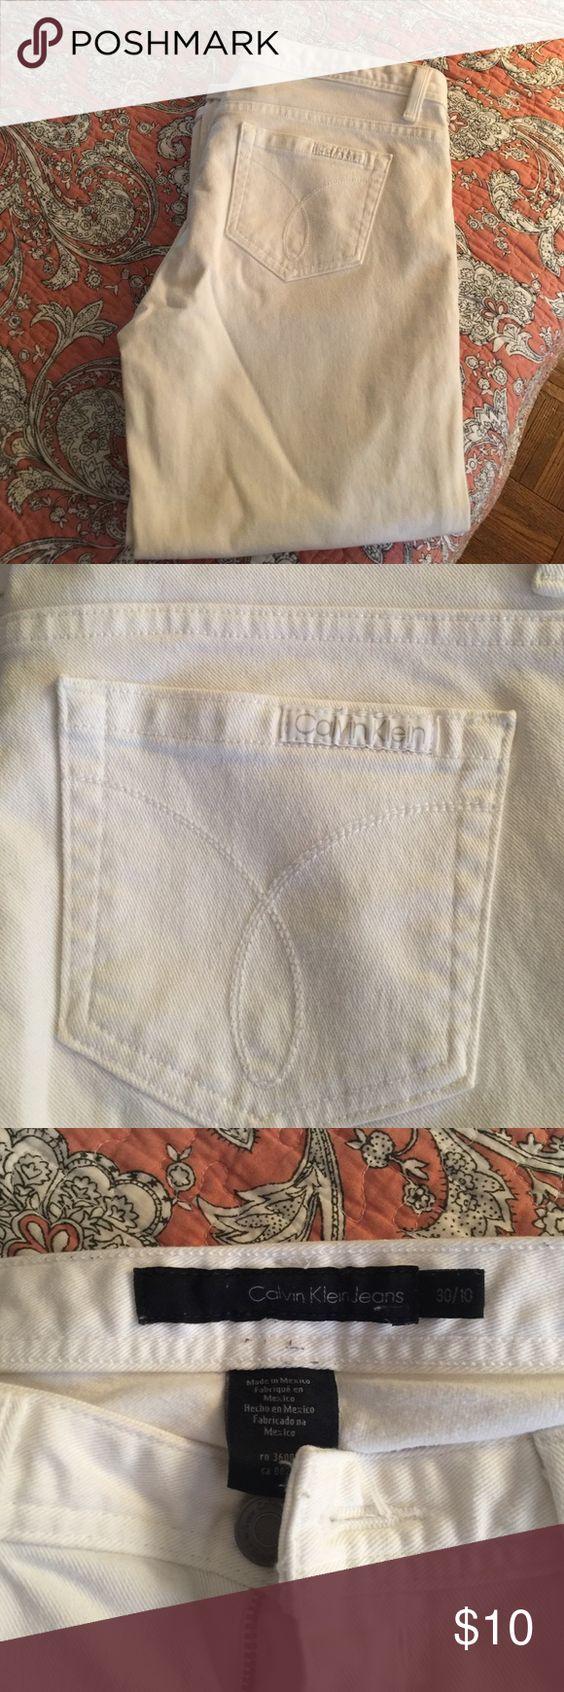 Calvin Klein White Jean Capris Calvin Klein White Jean Capris, great condition, size 30/10 Calvin Klein Pants Capris
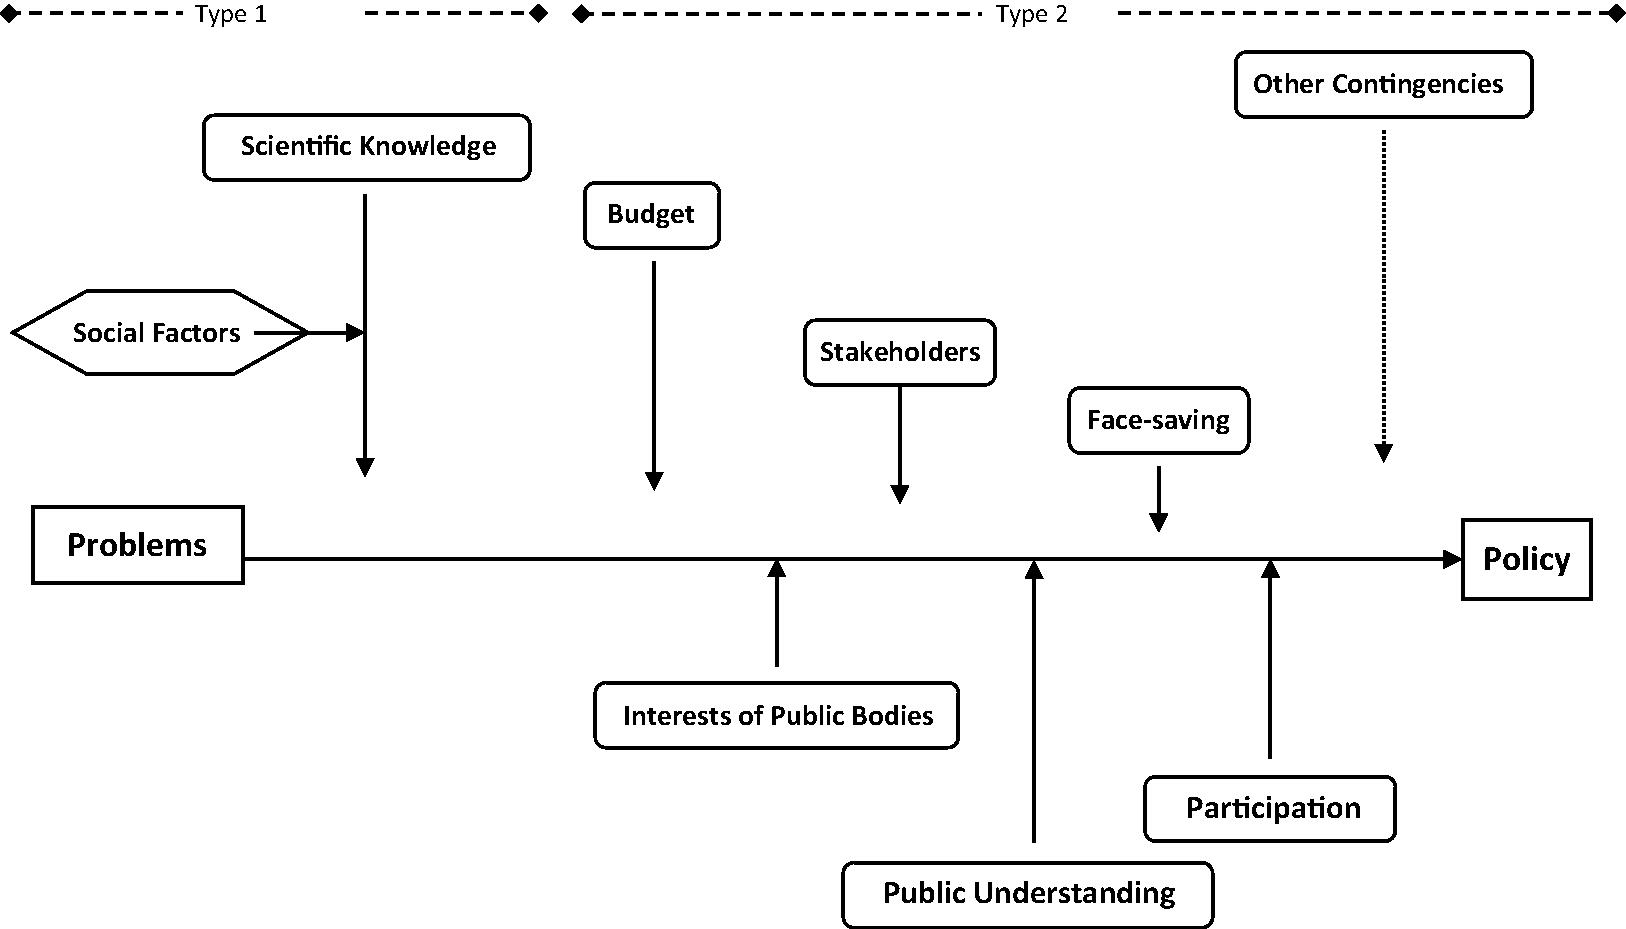 Specialty Areas (Part IV) - The Cambridge Handbook of Sociology
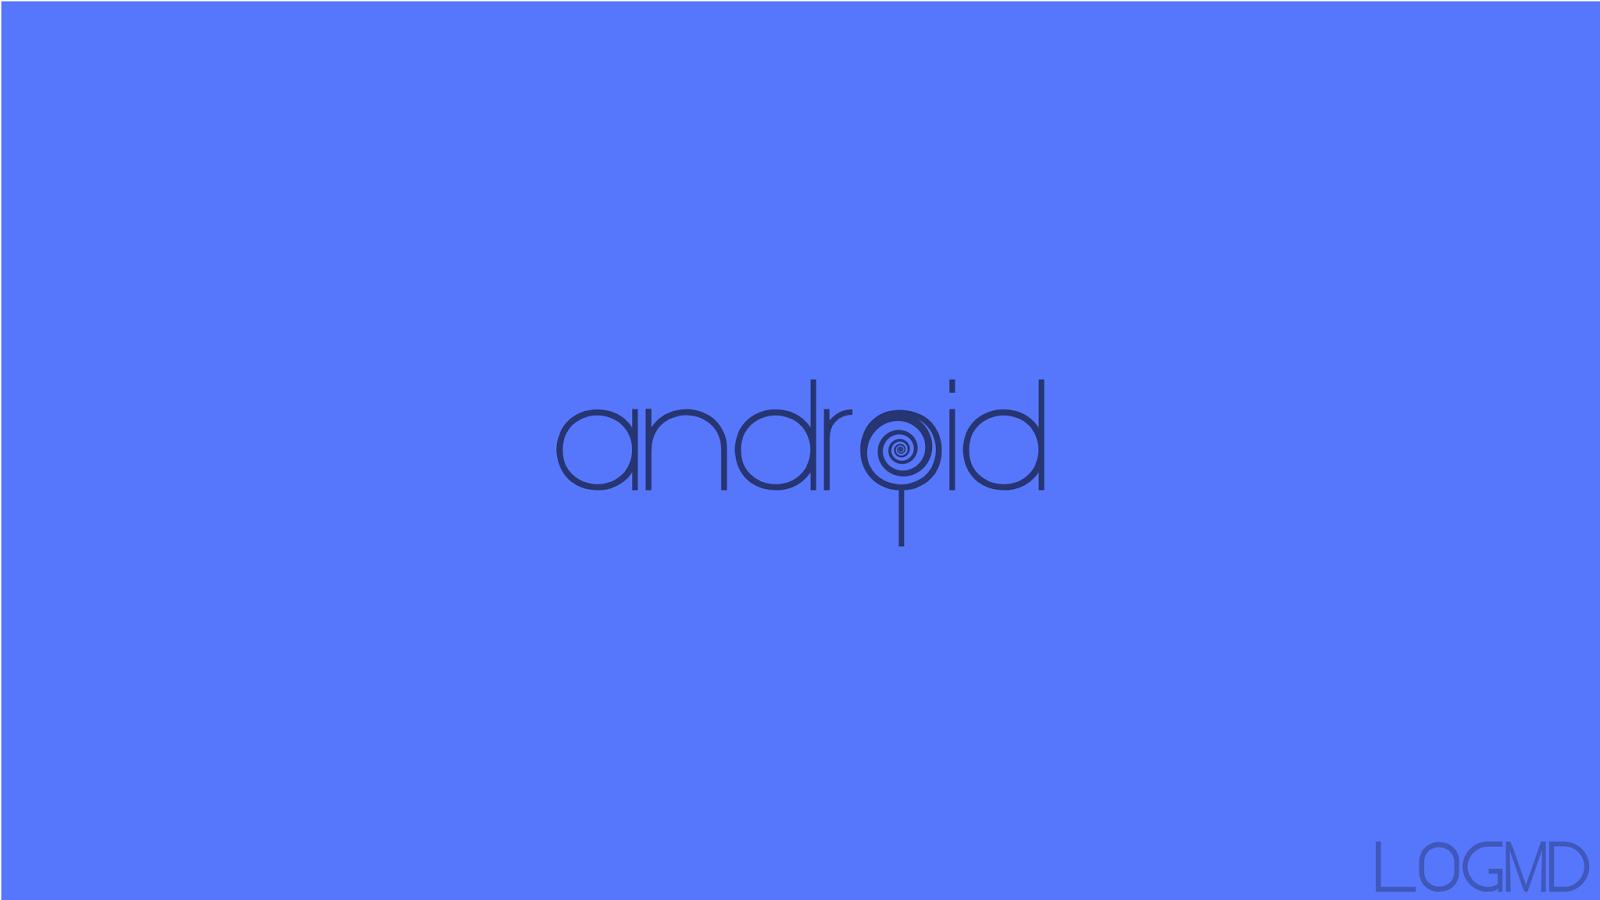 LOGMD Android 5.0 Lollipop Material Design Wallpaper Set! ~ LOGMD

DIRECTIONS FOR THIS TASK: Repeat the listing word for word, omitting the pictures.

SOLUTION FOR THIS PROBLEM:
 Calvin Klein White Jean Capris Calvin Klein White Jean Capris, great condition, size 30/10 Calvin Klein Pants Capris
 Specialty Areas (Part IV) - The Cambridge Handbook of Sociology
 LOGMD Android 5.0 Lollipop Material Design Wallpaper Set! ~ LOGMD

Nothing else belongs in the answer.